A strong recovery in aggregate supply was an important contributor. It helped support output while lowering inflation. Without the supply recovery, disinflation would have been harder. But we should not forget that, without tighter monetary policy, there would have been no disinflation.

A soft landing is not guaranteed, however. Central banks’ job is not done. While inflation is lower, it is still above central banks’ targets. And there will surely be more bumps in the road. The medium-run risks to inflation – such as deglobalisation, economic fragmentation, adverse demographic trends and the need to fight climate change – reinforce the need for central banks to stay the course. It is only in this way that the public’s trust in money can be preserved.

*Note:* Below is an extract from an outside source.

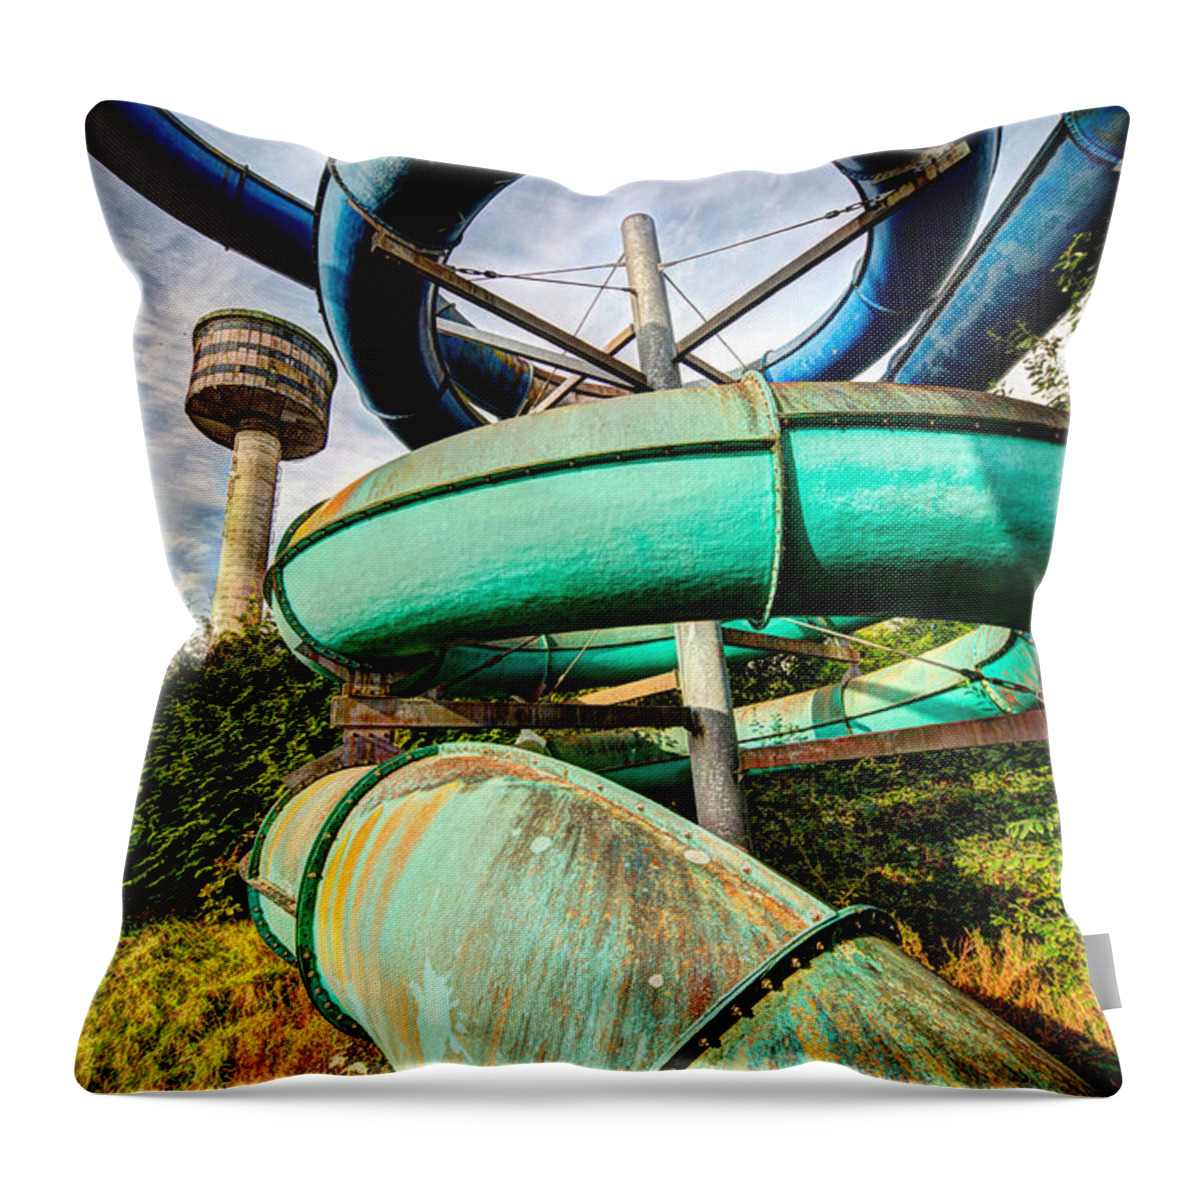 Abandoned Throw Pillow featuring the photograph abandoned swimming pool - Urban exploration #2 by Dirk Ercken

The events of the past decades presented policymakers with frequent and intense challenges. Facing extraordinary strains, policymakers strived to preserve the value of money, and keep their economies and the financial system functioning. These challenges showed the importance of the public’s trust in policymakers, which allowed for decisive action. And policies worked better when they were each part of a coherent whole.

As Goethe wrote in Faust: “Es irrt der Mensch, solang er strebt” – man errs as long as he strives. Policymakers did not get everything right. Nonetheless, their attempts to make good choices were noticed by society.

If the events of the 21st century so far are a guide, we should not expect plain sailing in the coming decades. Building resilience will require policymakers to apply an appropriate policy mix and communicate it effectively. Monetary policy will need to prioritise the inflation fight, until it is decisively won and price stability is restored.

Financial stability policy needs to ensure a resilient banking sector and address remaining regulatory gaps. Fiscal policy will need to rationalise expenditure while making room for vital investments in our future. But these policies are unlikely to be sufficient even if applied jointly.

Ultimately, to improve economic resilience and enhance sustainable growth, governments must rediscover the appetite for structural reforms that has been absent for far too long.

I would like to leave you with this last thought. Part of preserving trust is to know the limits of what policies can deliver. Expecting policymakers to deploy extraordinary macroeconomic policies to respond to every challenge is a sure way to erode the public trust.

Building resilient and robust economies and financial systems is the best way to ensure that policies remain effective, so that they can be deployed when they are needed the most.


1. R Dornbusch and S Fischer, “International financial crises”, CESifo Working Paper, no 926, 2003.

2. See A Carstens, “Investing in banking supervision”, speech at the European Banking Federation’s International Banking Summit, Brussels, 1 June 2023.

3. See J Nagel, “Fiscal policy challenges in a high inflation environment”, speech at the Forum Finanzpolitik und Steuerrecht, Baden-Baden, 10 November 2023.

4. See P Amatyakul, F De Fiore, M Lombardi, B Mojon and D Rees, “The contribution of monetary policy to disinflation”, BIS Bulletin, no 82, December 2023.

This article is based on a lecture by delivered at the Center for Financial Studies and the House of Finance at Goethe University, Frankfurt, 18 March 2024.